The OPI1 locus was identified in a screen for mutants that overproduce and excrete inositol (Opi) into the growth medium in the absence of inositol and choline (Opi− phenotype) (Greenberg et al. 1982). The Opi− phenotype correlates with constitutive overexpression of the INO1 gene (Hirsch and Henry 1986), which is responsible for de novo synthesis of inositol (Figure 1) (Culbertson and Henry 1975). Therefore it is not surprising that several other mutants defective in repression of INO1 also have an Opi− phenotype. These include mutations in the UME6, SIN3, and RPD3 global repressor genes (Elkhaimi et al. 2000). The link between regulation of INO1 gene expression and the Opi− phenotype is further supported by the existence of the dominant OPI5+ mutant allele (Swift and McGraw 1995). This mutant is a deletion of the INO1 promoter (renamed the INO1-100 allele), which yields constitutive derepressed expression of the INO1 gene (Swift and McGraw 1995).
Recently, our understanding of the role of Opi1p in the repression of phospholipid biosynthetic gene expression has improved dramatically. Opi1p is tethered in the endoplasmic reticulum (ER) by Scs2p, an integral membrane protein (Gavin et al. 2002; Kagiwada and Zen 2003; Loewen et al. 2003, 2004; Loewen and Levine 2005). Repression in response to inositol and choline is mediated by the level of phosphatidic acid (PA) (Figure 1). In the absence of inositol, PA levels are elevated and Opi1p binds PA (Loewen et al. 2004). When inositol is added, PA levels decrease, releasing Opi1p from the ER. Opi1p then translocates to the nucleus where it inhibits transcription by presumably interacting with the Ino2p transcriptional activator (Wagner et al. 2001; Gardenour et al. 2004; Heyken et al. 2005). The addition of choline by itself has little effect on PA levels. However, in combination with inositol, choline further reduces PA levels, resulting in additional repression (Henry and Patton-Vogt 1998). Not surprisingly, blocks in de novo phosphatidylcholine (PC) biosynthesis that elevate PA levels also yield an Opi− phenotype (Klig et al. 1988; Summers et al. 1988; McGraw and Henry 1989; Shen and Dowhan 1996). Thus, cds1, cho2, and opi3 mutants all have the Opi− phenotype (Figure 1). However, the Opi− phenotype of these mutants is conditional because it can be suppressed by adding choline (C) to the medium. Choline restores PC synthesis through a salvage pathway (Kennedy pathway), thereby alleviating the accumulation of PA caused by the block in the de novo PC pathway (Figure 1) (Henry and Patton-Vogt 1998).
Opi1p function is also regulated by post-translational modifications.

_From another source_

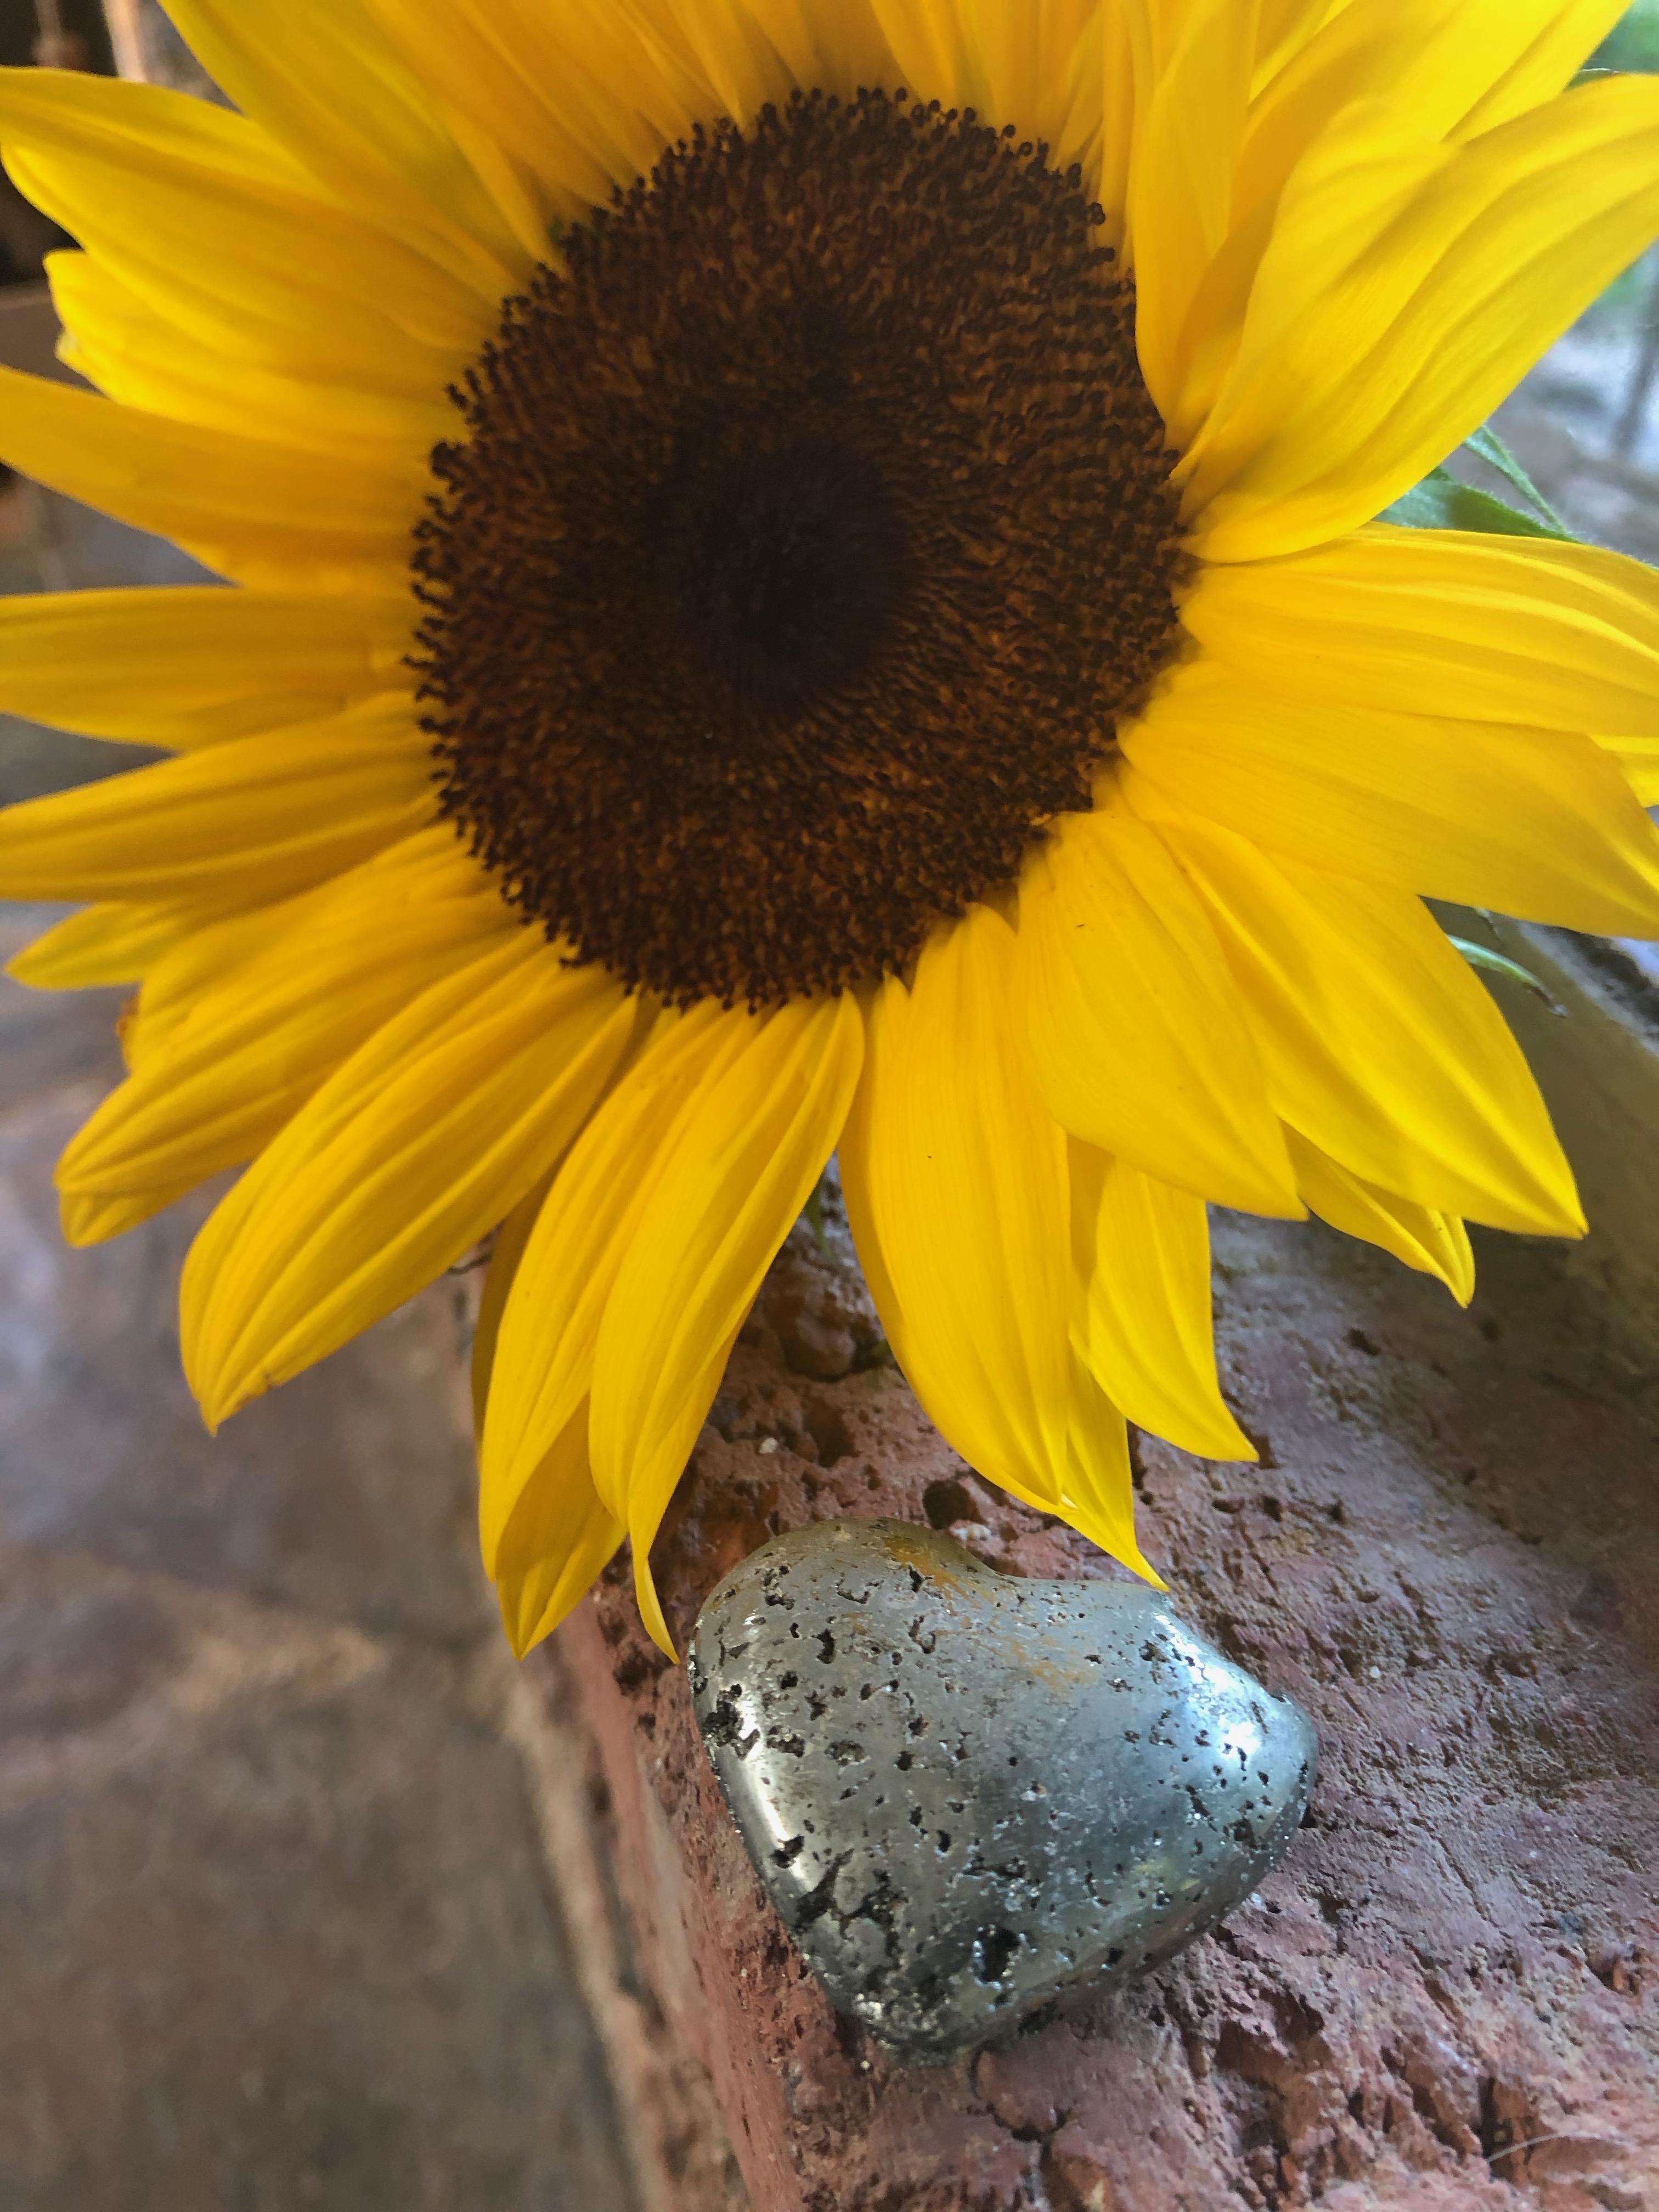 Enjoy The Sunflowers

Opi1p is phosphorylated at Ser26 by protein kinase C (Sreenivas et al. 2001), at Ser31 and Ser251 by protein kinase A (Sreenivas and Carman 2003), and at Ser10 by casein kinase II (Chang and Carman 2006). Mutations at each of these phosphorylation sites show that phosphorylation of Opi1p plays a role in regulation of target gene expression in response to inositol.

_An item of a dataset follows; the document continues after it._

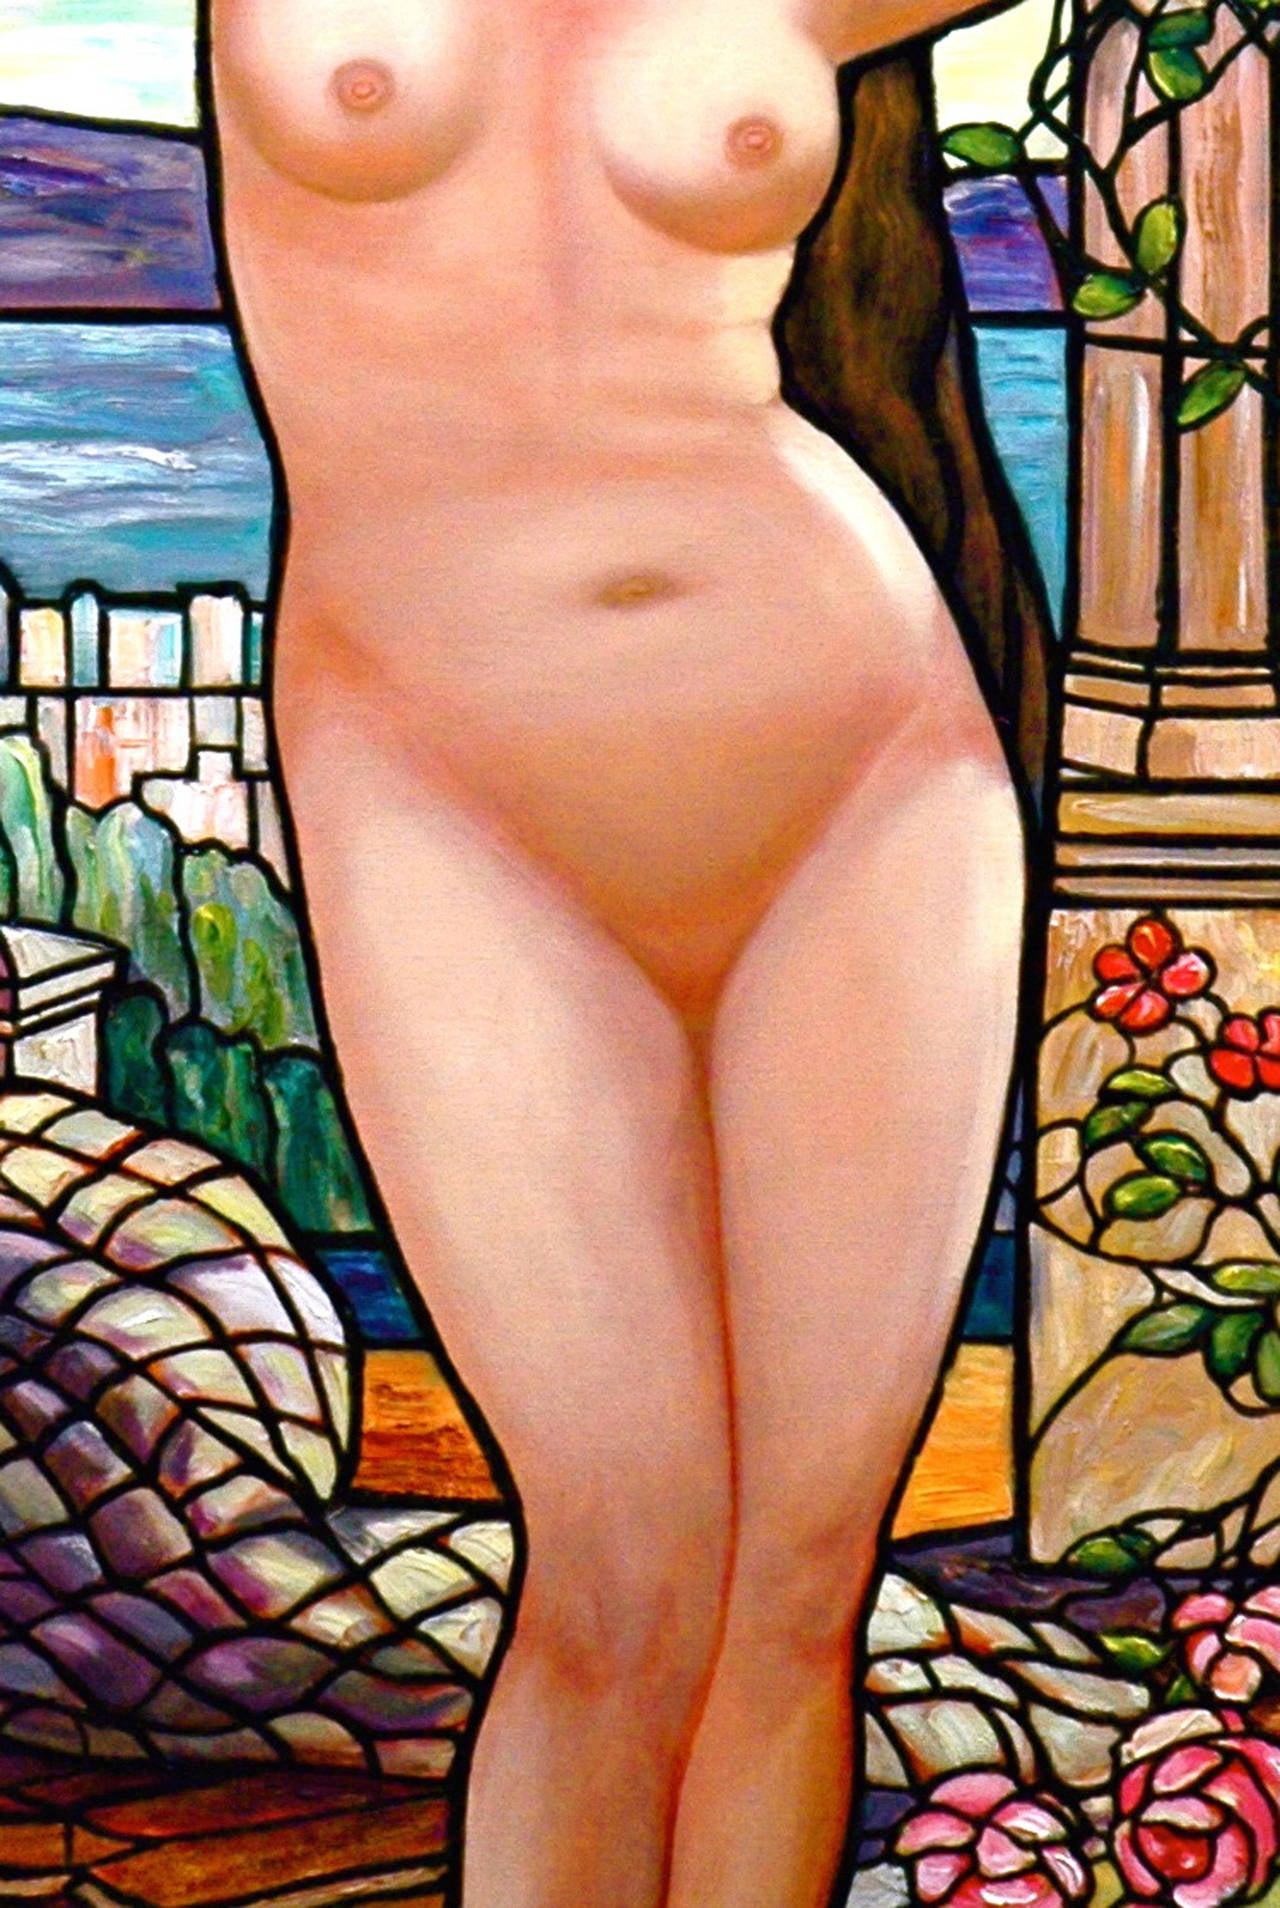 Tiffany Style Nude with Wisterias - Painting by Kristina Nemethy

Recently, it has been shown that under derepressing conditions the INO1 promoter is recruited to the nuclear membrane where Ino4p and Ino2p activate its transcription (Brickner and Walter 2004). Under repressing conditions, Opi1p translocates to the nucleus and presumably interacts with Ino2p (Wagner et al. 2001; Gardenour et al. 2004; Heyken et al. 2005). The interaction with Ino2p is suggested by in vitro experiments (Wagner et al. 2001; Heyken et al. 2005) and the existence of dominant INO2c mutations that yield an Opi− phenotype (Gardenour et al. 2004; Heyken et al. 2005).

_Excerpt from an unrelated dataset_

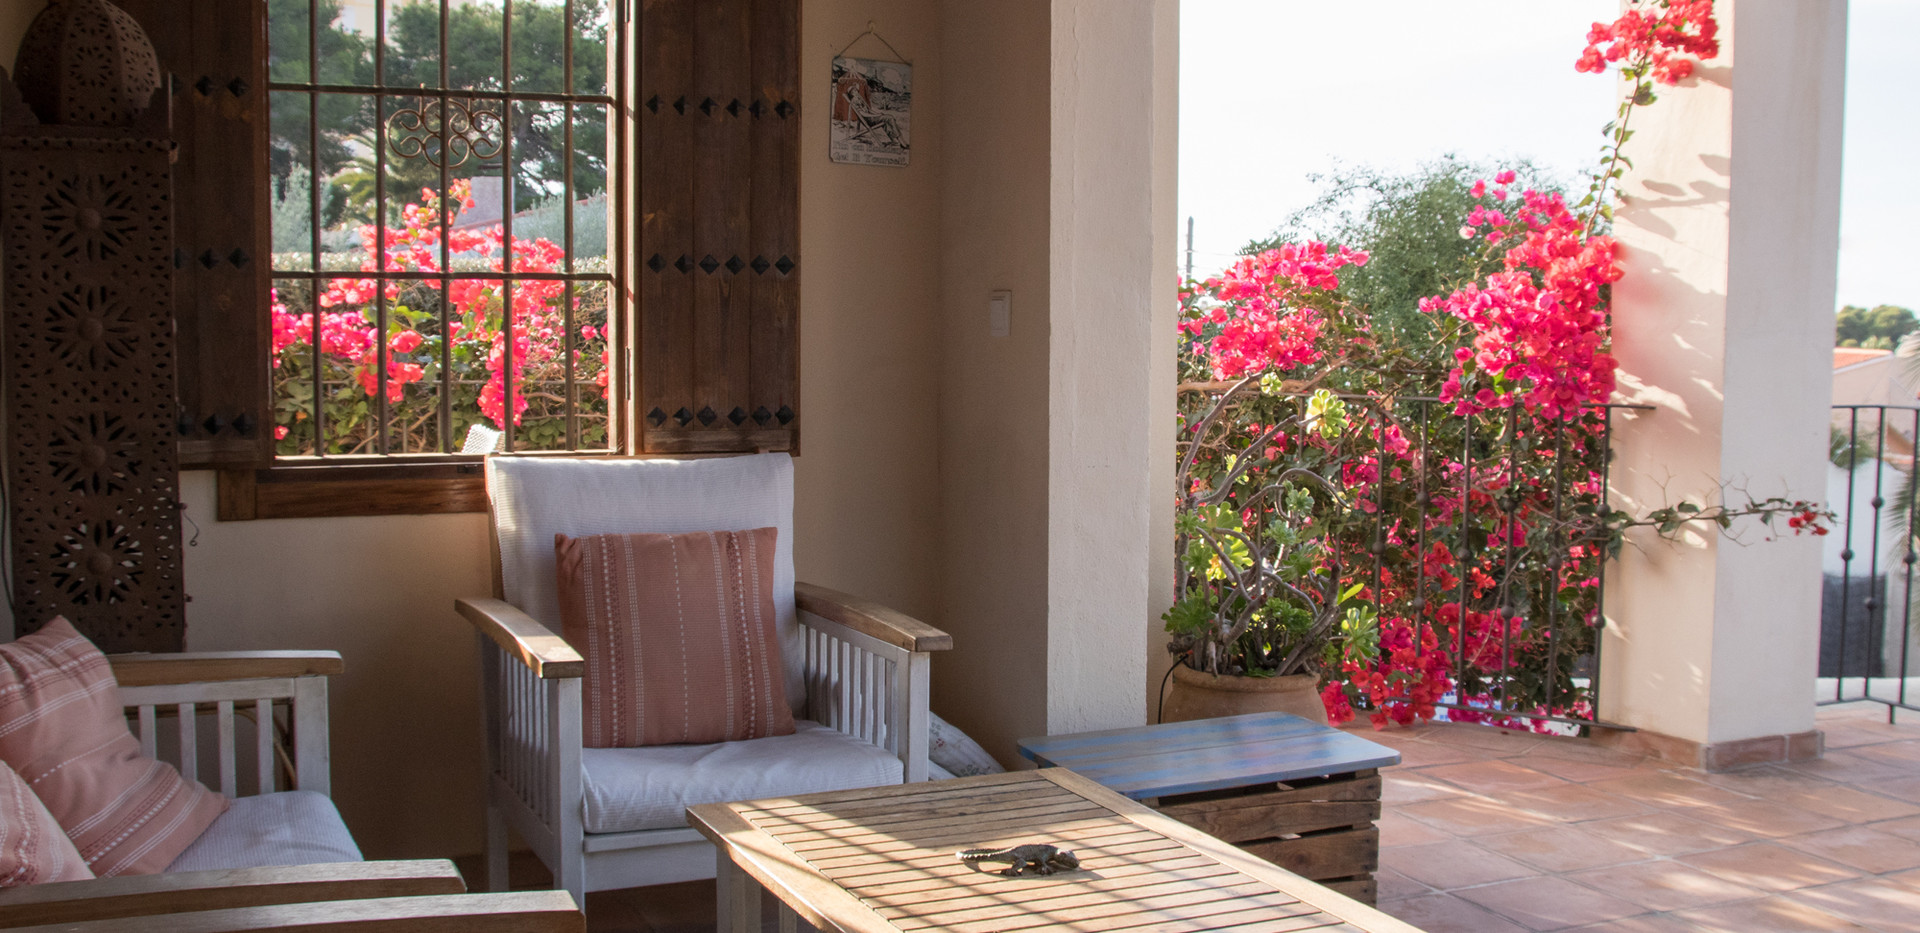 bourgainvillea on the terrace web.jpg

Phospholipid biosynthesis is coordinated with the unfolded protein response (UPR) (Cox et al. 1997; Chang et al. 2002; Jesch et al. 2005). The UPR is initiated in the ER in response to the accumulation of unfolded proteins (Patil and Walter 2001; Schroder and Kaufman 2005). The UPR can also be induced by depletion of inositol (Cox et al. 1997; Chang et al. 2002). Upon UPR induction, Ire1p is activated, initiating splicing of HAC1 mRNA (Sidrauski and Walter 1997). The properly spliced HAC1 transcript produces the Hac1p basic leucine zipper transcription factor that binds to the UPR element (UPRE) of target genes such as KAR2 but also regulates UASINO-containing promoters by counteracting the function of Opi1p (Cox and Walter 1996).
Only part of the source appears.